> Task goal: The records below need copying. Match each line exactly.

Extracted records:
● ● ●

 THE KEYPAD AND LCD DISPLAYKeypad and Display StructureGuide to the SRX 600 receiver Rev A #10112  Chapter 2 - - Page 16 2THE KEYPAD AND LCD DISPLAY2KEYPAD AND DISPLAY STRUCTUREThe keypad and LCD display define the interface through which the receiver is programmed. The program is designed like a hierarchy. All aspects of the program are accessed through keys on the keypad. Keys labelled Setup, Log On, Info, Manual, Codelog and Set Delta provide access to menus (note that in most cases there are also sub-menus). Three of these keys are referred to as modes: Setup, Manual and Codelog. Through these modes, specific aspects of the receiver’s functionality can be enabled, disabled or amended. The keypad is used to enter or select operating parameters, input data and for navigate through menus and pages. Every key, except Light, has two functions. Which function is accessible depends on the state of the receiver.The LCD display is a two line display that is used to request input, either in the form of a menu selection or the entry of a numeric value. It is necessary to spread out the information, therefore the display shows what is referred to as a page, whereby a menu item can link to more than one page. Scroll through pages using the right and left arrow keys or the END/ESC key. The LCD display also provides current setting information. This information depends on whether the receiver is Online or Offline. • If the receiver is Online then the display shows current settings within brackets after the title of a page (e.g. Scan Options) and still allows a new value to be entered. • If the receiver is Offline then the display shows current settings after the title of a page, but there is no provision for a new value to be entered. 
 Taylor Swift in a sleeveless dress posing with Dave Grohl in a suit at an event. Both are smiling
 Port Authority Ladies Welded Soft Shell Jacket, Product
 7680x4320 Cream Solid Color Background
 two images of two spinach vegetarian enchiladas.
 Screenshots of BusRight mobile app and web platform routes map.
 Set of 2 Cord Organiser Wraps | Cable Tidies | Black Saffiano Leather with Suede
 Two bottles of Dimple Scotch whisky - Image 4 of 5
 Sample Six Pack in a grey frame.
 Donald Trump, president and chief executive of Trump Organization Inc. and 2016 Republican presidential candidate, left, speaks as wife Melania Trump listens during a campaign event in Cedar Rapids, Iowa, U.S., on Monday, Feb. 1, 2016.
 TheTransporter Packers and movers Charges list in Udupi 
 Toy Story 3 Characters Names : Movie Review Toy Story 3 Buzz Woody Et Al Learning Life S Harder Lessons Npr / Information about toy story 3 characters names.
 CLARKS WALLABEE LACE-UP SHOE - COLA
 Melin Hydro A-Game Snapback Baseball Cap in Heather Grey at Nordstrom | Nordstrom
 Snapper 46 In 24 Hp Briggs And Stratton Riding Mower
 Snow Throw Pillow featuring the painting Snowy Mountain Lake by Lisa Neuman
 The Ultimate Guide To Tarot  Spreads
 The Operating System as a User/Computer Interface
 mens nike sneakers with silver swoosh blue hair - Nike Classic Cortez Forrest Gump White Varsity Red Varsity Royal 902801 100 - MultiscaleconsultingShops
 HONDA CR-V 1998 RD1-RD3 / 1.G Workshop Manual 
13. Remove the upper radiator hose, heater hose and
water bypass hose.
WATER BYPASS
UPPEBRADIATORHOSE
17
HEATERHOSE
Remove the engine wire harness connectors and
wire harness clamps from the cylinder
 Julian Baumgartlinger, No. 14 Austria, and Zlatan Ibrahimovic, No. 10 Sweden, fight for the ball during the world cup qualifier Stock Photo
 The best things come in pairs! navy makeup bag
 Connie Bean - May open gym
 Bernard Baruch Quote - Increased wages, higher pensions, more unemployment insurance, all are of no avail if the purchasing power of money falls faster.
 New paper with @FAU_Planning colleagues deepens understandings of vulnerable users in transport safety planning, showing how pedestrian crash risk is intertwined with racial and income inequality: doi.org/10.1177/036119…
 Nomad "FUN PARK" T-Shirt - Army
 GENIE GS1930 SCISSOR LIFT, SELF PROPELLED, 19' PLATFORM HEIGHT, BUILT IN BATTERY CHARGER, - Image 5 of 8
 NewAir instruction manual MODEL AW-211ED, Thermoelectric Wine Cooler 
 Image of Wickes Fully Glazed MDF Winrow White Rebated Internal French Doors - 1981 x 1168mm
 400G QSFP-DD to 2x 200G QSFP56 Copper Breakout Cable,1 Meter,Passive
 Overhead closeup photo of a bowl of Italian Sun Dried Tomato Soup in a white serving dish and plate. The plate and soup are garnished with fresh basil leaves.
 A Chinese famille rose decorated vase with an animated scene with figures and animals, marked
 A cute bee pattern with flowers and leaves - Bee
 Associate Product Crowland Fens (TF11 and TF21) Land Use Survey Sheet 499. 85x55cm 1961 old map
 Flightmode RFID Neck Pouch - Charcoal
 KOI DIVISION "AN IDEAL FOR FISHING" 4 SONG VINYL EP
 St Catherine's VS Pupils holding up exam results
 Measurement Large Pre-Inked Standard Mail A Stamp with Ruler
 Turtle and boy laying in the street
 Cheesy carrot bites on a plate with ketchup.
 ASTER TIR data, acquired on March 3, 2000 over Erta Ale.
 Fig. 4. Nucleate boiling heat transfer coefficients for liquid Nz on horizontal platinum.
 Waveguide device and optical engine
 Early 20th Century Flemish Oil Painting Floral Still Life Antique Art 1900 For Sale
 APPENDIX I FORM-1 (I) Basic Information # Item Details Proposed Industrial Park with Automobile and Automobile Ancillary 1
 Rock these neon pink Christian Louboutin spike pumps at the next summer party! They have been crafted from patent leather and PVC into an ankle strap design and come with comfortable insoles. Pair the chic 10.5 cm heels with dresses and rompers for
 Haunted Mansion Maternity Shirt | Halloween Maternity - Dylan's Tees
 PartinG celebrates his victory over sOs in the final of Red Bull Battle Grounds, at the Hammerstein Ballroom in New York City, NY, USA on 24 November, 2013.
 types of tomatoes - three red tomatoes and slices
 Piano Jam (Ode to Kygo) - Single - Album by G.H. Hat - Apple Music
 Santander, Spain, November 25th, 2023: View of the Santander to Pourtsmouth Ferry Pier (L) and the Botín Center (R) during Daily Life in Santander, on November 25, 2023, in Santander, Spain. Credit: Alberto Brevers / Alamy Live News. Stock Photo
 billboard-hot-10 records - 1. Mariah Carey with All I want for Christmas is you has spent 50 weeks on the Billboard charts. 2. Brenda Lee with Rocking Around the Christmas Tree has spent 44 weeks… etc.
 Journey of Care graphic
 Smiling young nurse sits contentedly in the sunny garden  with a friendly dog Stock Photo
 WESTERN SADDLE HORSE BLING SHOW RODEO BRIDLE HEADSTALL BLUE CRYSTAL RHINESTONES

● ● ●

> Reply to the task:
 THE KEYPAD AND LCD DISPLAYKeypad and Display StructureGuide to the SRX 600 receiver Rev A #10112  Chapter 2 - - Page 16 2THE KEYPAD AND LCD DISPLAY2KEYPAD AND DISPLAY STRUCTUREThe keypad and LCD display define the interface through which the receiver is programmed. The program is designed like a hierarchy. All aspects of the program are accessed through keys on the keypad. Keys labelled Setup, Log On, Info, Manual, Codelog and Set Delta provide access to menus (note that in most cases there are also sub-menus). Three of these keys are referred to as modes: Setup, Manual and Codelog. Through these modes, specific aspects of the receiver’s functionality can be enabled, disabled or amended. The keypad is used to enter or select operating parameters, input data and for navigate through menus and pages. Every key, except Light, has two functions. Which function is accessible depends on the state of the receiver.The LCD display is a two line display that is used to request input, either in the form of a menu selection or the entry of a numeric value. It is necessary to spread out the information, therefore the display shows what is referred to as a page, whereby a menu item can link to more than one page. Scroll through pages using the right and left arrow keys or the END/ESC key. The LCD display also provides current setting information. This information depends on whether the receiver is Online or Offline. • If the receiver is Online then the display shows current settings within brackets after the title of a page (e.g. Scan Options) and still allows a new value to be entered. • If the receiver is Offline then the display shows current settings after the title of a page, but there is no provision for a new value to be entered. 
 Taylor Swift in a sleeveless dress posing with Dave Grohl in a suit at an event. Both are smiling
 Port Authority Ladies Welded Soft Shell Jacket, Product
 7680x4320 Cream Solid Color Background
 two images of two spinach vegetarian enchiladas.
 Screenshots of BusRight mobile app and web platform routes map.
 Set of 2 Cord Organiser Wraps | Cable Tidies | Black Saffiano Leather with Suede
 Two bottles of Dimple Scotch whisky - Image 4 of 5
 Sample Six Pack in a grey frame.
 Donald Trump, president and chief executive of Trump Organization Inc. and 2016 Republican presidential candidate, left, speaks as wife Melania Trump listens during a campaign event in Cedar Rapids, Iowa, U.S., on Monday, Feb. 1, 2016.
 TheTransporter Packers and movers Charges list in Udupi 
 Toy Story 3 Characters Names : Movie Review Toy Story 3 Buzz Woody Et Al Learning Life S Harder Lessons Npr / Information about toy story 3 characters names.
 CLARKS WALLABEE LACE-UP SHOE - COLA
 Melin Hydro A-Game Snapback Baseball Cap in Heather Grey at Nordstrom | Nordstrom
 Snapper 46 In 24 Hp Briggs And Stratton Riding Mower
 Snow Throw Pillow featuring the painting Snowy Mountain Lake by Lisa Neuman
 The Ultimate Guide To Tarot  Spreads
 The Operating System as a User/Computer Interface
 mens nike sneakers with silver swoosh blue hair - Nike Classic Cortez Forrest Gump White Varsity Red Varsity Royal 902801 100 - MultiscaleconsultingShops
 HONDA CR-V 1998 RD1-RD3 / 1.G Workshop Manual 
13. Remove the upper radiator hose, heater hose and
water bypass hose.
WATER BYPASS
UPPEBRADIATORHOSE
17
HEATERHOSE
Remove the engine wire harness connectors and
wire harness clamps from the cylinder
 Julian Baumgartlinger, No. 14 Austria, and Zlatan Ibrahimovic, No. 10 Sweden, fight for the ball during the world cup qualifier Stock Photo
 The best things come in pairs! navy makeup bag
 Connie Bean - May open gym
 Bernard Baruch Quote - Increased wages, higher pensions, more unemployment insurance, all are of no avail if the purchasing power of money falls faster.
 New paper with @FAU_Planning colleagues deepens understandings of vulnerable users in transport safety planning, showing how pedestrian crash risk is intertwined with racial and income inequality: doi.org/10.1177/036119…
 Nomad "FUN PARK" T-Shirt - Army
 GENIE GS1930 SCISSOR LIFT, SELF PROPELLED, 19' PLATFORM HEIGHT, BUILT IN BATTERY CHARGER, - Image 5 of 8
 NewAir instruction manual MODEL AW-211ED, Thermoelectric Wine Cooler 
 Image of Wickes Fully Glazed MDF Winrow White Rebated Internal French Doors - 1981 x 1168mm
 400G QSFP-DD to 2x 200G QSFP56 Copper Breakout Cable,1 Meter,Passive
 Overhead closeup photo of a bowl of Italian Sun Dried Tomato Soup in a white serving dish and plate. The plate and soup are garnished with fresh basil leaves.
 A Chinese famille rose decorated vase with an animated scene with figures and animals, marked
 A cute bee pattern with flowers and leaves - Bee
 Associate Product Crowland Fens (TF11 and TF21) Land Use Survey Sheet 499. 85x55cm 1961 old map
 Flightmode RFID Neck Pouch - Charcoal
 KOI DIVISION "AN IDEAL FOR FISHING" 4 SONG VINYL EP
 St Catherine's VS Pupils holding up exam results
 Measurement Large Pre-Inked Standard Mail A Stamp with Ruler
 Turtle and boy laying in the street
 Cheesy carrot bites on a plate with ketchup.
 ASTER TIR data, acquired on March 3, 2000 over Erta Ale.
 Fig. 4. Nucleate boiling heat transfer coefficients for liquid Nz on horizontal platinum.
 Waveguide device and optical engine
 Early 20th Century Flemish Oil Painting Floral Still Life Antique Art 1900 For Sale
 APPENDIX I FORM-1 (I) Basic Information # Item Details Proposed Industrial Park with Automobile and Automobile Ancillary 1
 Rock these neon pink Christian Louboutin spike pumps at the next summer party! They have been crafted from patent leather and PVC into an ankle strap design and come with comfortable insoles. Pair the chic 10.5 cm heels with dresses and rompers for
 Haunted Mansion Maternity Shirt | Halloween Maternity - Dylan's Tees
 PartinG celebrates his victory over sOs in the final of Red Bull Battle Grounds, at the Hammerstein Ballroom in New York City, NY, USA on 24 November, 2013.
 types of tomatoes - three red tomatoes and slices
 Piano Jam (Ode to Kygo) - Single - Album by G.H. Hat - Apple Music
 Santander, Spain, November 25th, 2023: View of the Santander to Pourtsmouth Ferry Pier (L) and the Botín Center (R) during Daily Life in Santander, on November 25, 2023, in Santander, Spain. Credit: Alberto Brevers / Alamy Live News. Stock Photo
 billboard-hot-10 records - 1. Mariah Carey with All I want for Christmas is you has spent 50 weeks on the Billboard charts. 2. Brenda Lee with Rocking Around the Christmas Tree has spent 44 weeks… etc.
 Journey of Care graphic
 Smiling young nurse sits contentedly in the sunny garden  with a friendly dog Stock Photo
 WESTERN SADDLE HORSE BLING SHOW RODEO BRIDLE HEADSTALL BLUE CRYSTAL RHINESTONES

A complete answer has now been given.